Korean astronomy was heavily under influence of Chinese civilization, and traditional Korean astronomy is closely interrelated with the natural phenomena. All the heavenly phenomena, including most of the astronomical ones, were interpreted as the politically and meteorologically meaningful events throughout the traditional period of history. 

     Chinese astronomical knowledge was introduced through Korean Peninsula to Japan. In 682 Monk Tojung returned from Tang China, presenting a Chinese celestial planisphere to Silla.  In Japan, a star map with hundreds of stars from ancient tomb in Kitora, Japan.  We have at least three star maps from the roughly same period, one for Koguryo, another for Silla, and the last for Japan  [Park 2000: 410].

 

3. Japan

     In the oldest Japanese literatures of myths, Kojiki and Nihon-shoki, there are few examples of creation of the universe nor constellation. Japanese cosmogony started from marsh or egg-like condition: premeval gods emerge from this watery and formless condition. This process is somewhat similar to the evolutionary creation in China, India, and Polynesia. Among 800 million gods (Yaoyorozu-no-kami), it is Amaterasu that occupies the heighest position.  Amaterasu is considered to be a "sun-goddess" whose brother is Tsukiyomi, a "moon-god." When Amaterasu hid in a cave escaping from the insult of her another brother, Susanowo, sun came into eclipse. 

     In Japan, folktale such as Orihime and Kengyuu (Tanabata tale) that came from China have been handed down with modifications until today. A body of star lore in Japan has been collected in sister volume of this book.

 

V. Pacific Islands

     It has been argued that Polynesian chiefdoms associated with highly developed mythological pantheon were not the result of autonomous evolution, but that was the remnants of some "ancient civilizations."  Except for the possibility of spread of Egyptian or Mesopotamian civilizations, Indian influence had been proposed by prominent scholars such as Abraham Fornander and Percy Smith.  Some mythological themes, such as creation of the universe from nothing, multi-layered world, land thrown from the heaven, and the separation of heaven and earth can surely be traced into Indonesian tradition, if not Indian one. Since Home sapiens had already reached Remote Oceania (from Bismarck Archipelago to the Solomon Islands) before 3000 years ago, the problem is whether there was a secondary Indian influence through Indonesia to the Pacific Islands. 

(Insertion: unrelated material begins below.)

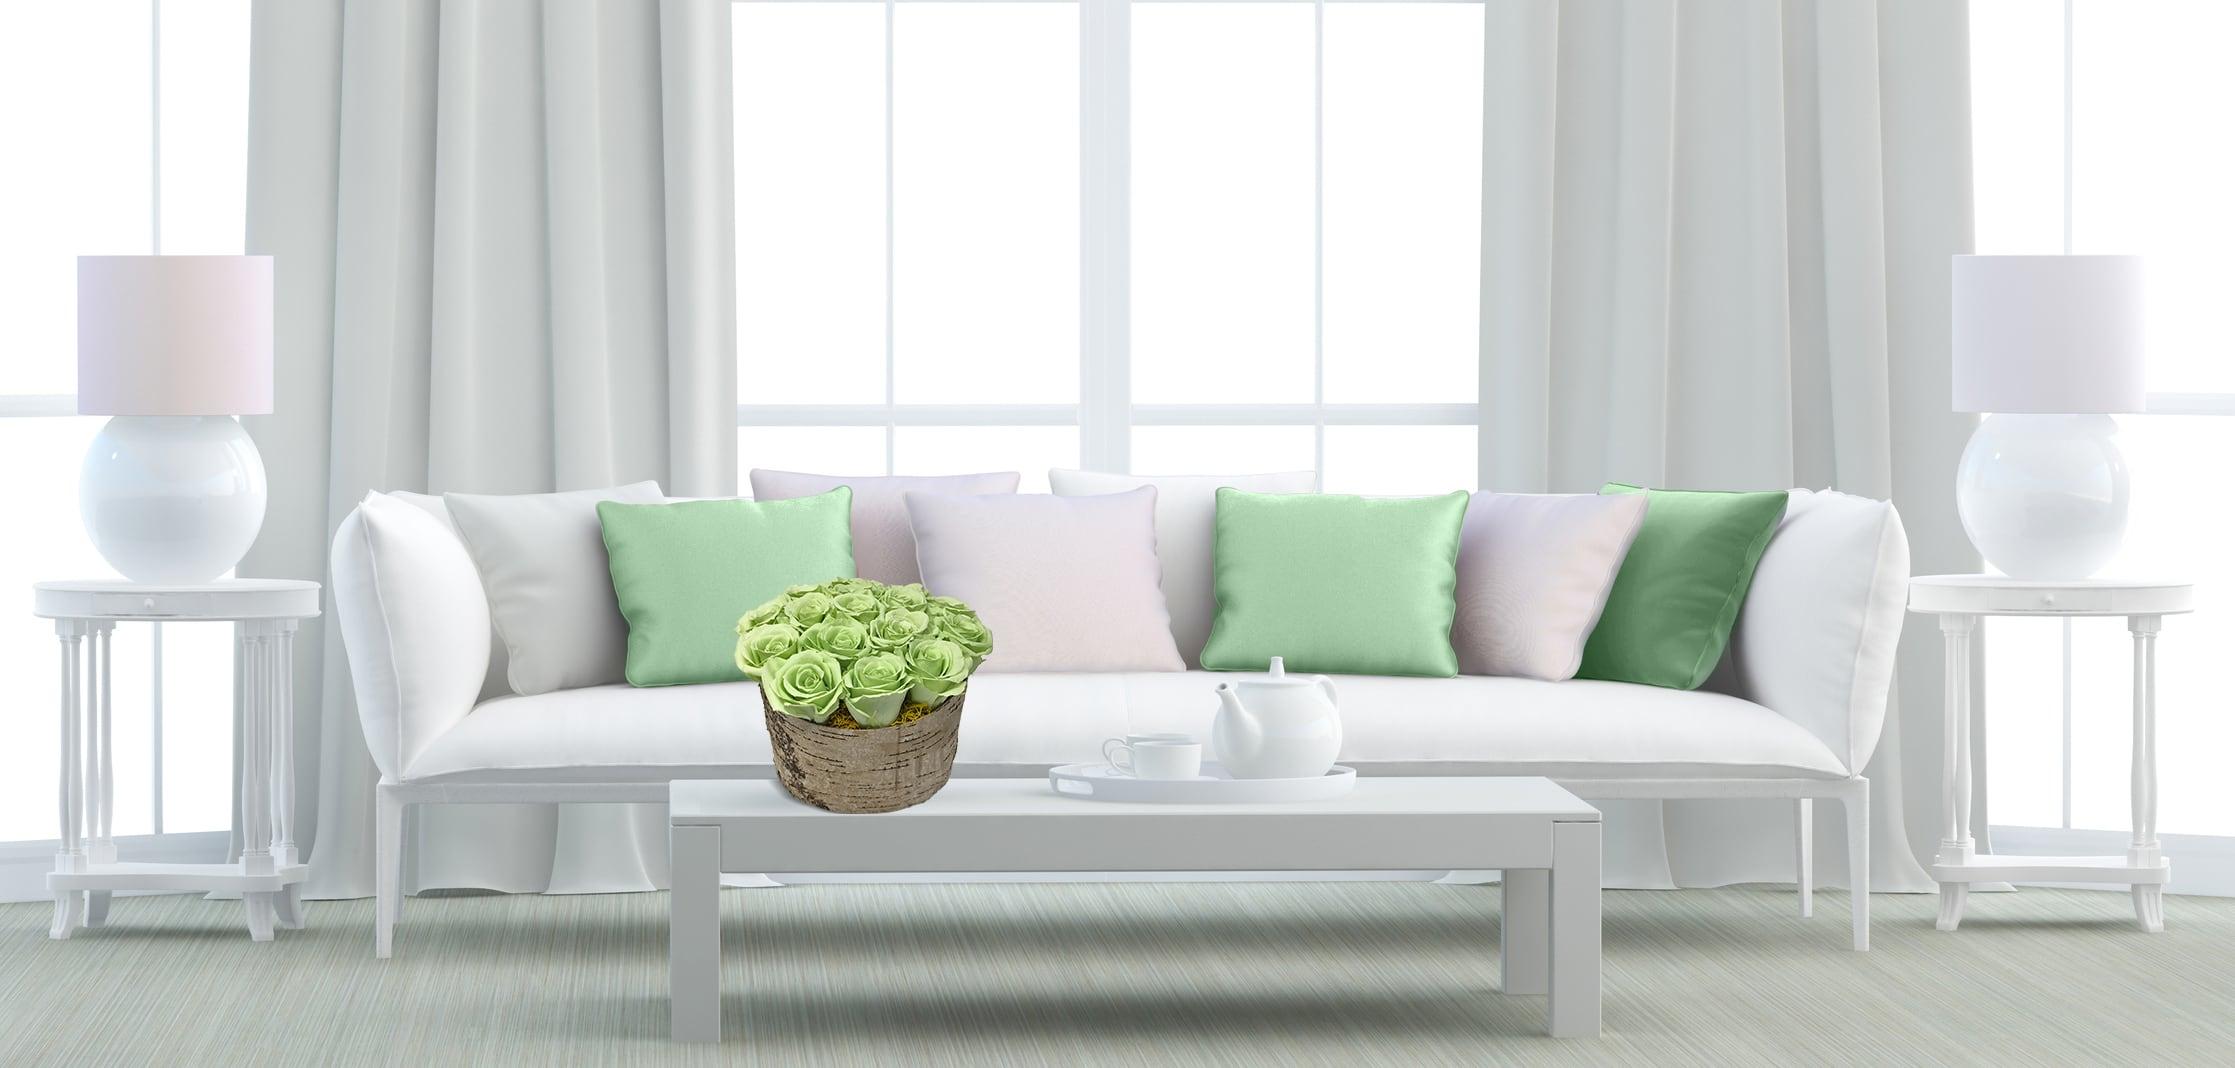 Green Roses Interior Arrangement

The Austronesian groups including Polynesians and Mironesians are now considered to have originated in Taiwan. But it is also argued that this culture developed by stimulation of Neolithic culture from South China (e.g. Yangtze River) around 5000 to 6000 years ago. The Neolithic of Yangtze River had a substantial contribution of the formation of Japanese culture (e.g. rice-cultivation), and in this connection, the similarity between Japanese mythology and Polynesian one might be explained by having common origin in South China. It is an interesting question to ask where an abstract idea of Polynesian cosmogony based on the fundamental opposition of male and female principles, and the concept of sacred power, mana, had relevance to ancient Chinese philosophy on the Daoistic vital universe, the opposition of yin (陰) and yang (陽), and the concept of ki (気) .

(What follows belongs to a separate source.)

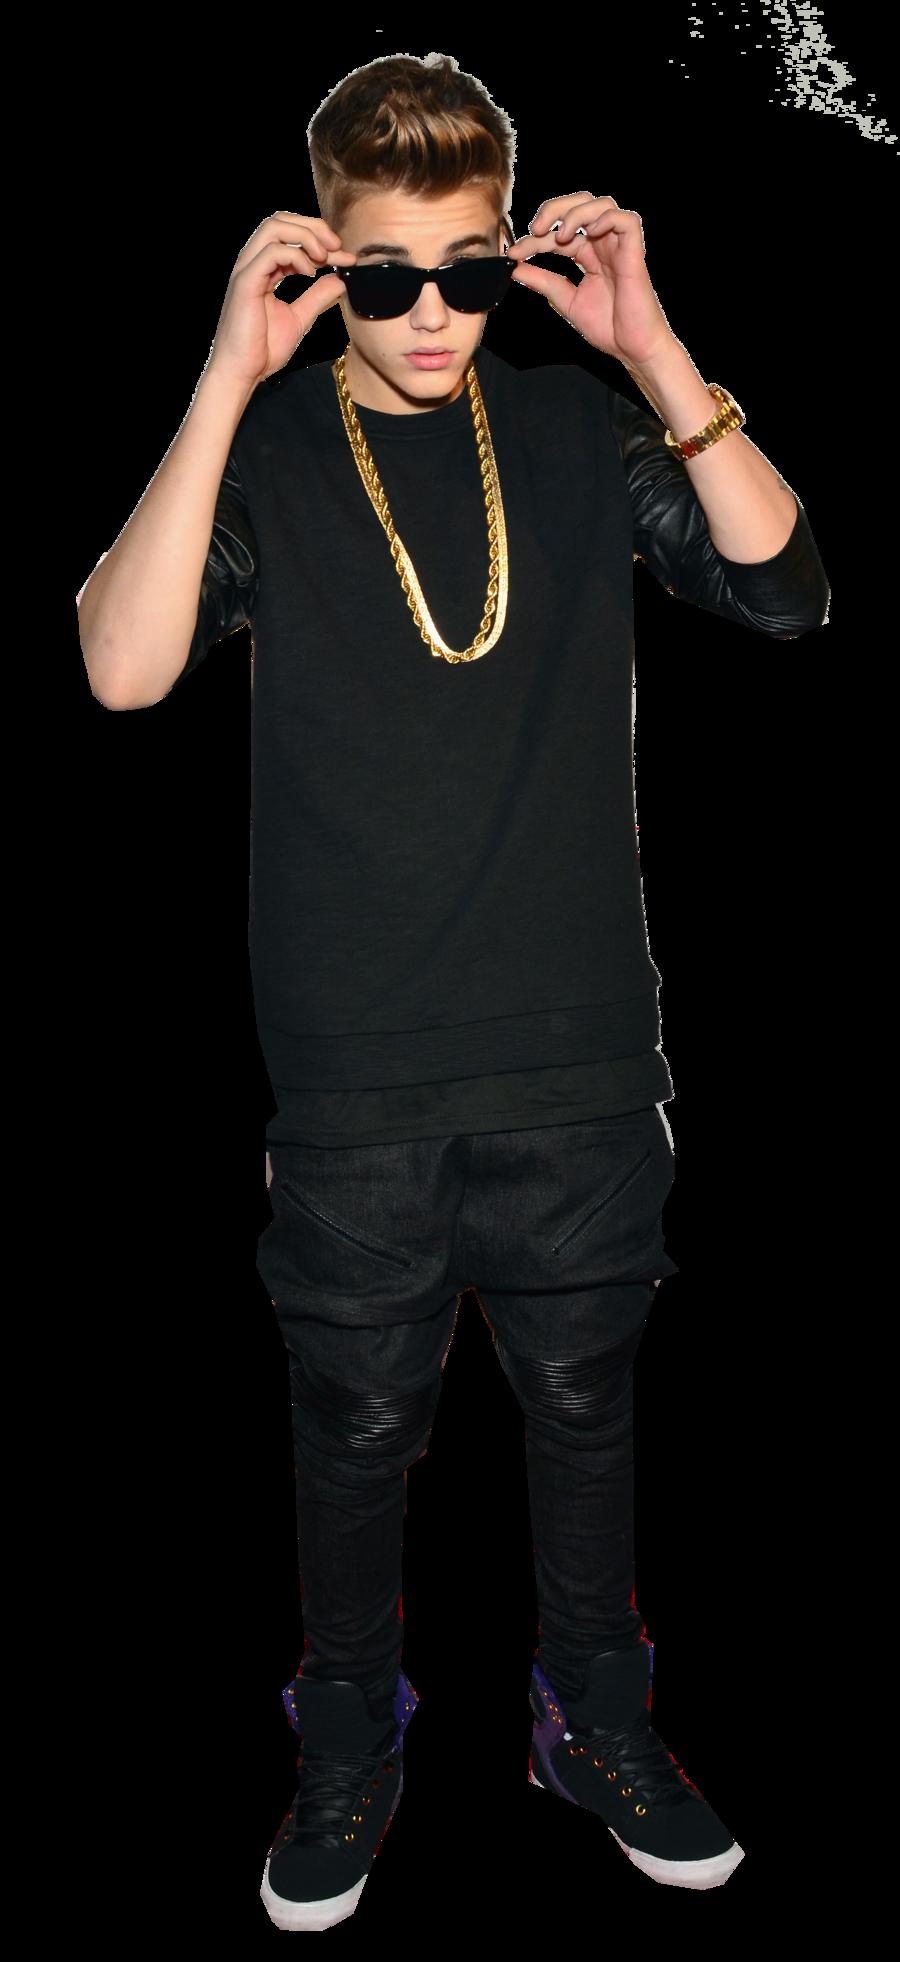 Justin Bieber PNG Clipart-Justin Bieber PNG Clipart-13

    In Micronesia as well as Polynesia, navigational chart based on rise and fall of stars, and wind pattern has developed.  It is interesting to note that like Caroline islanders Arab navigators also used a 32-point star compass, which is thought to have predated their adoption of the magnetic compass. It was oriented on Altair and employed most of the same stars and constellations as Carolinians. It is probable that their sidereal compass was originally an Oceanic development that spread with outrigger canoes west to the Indian Ocean, where Arab seafarers adopted it.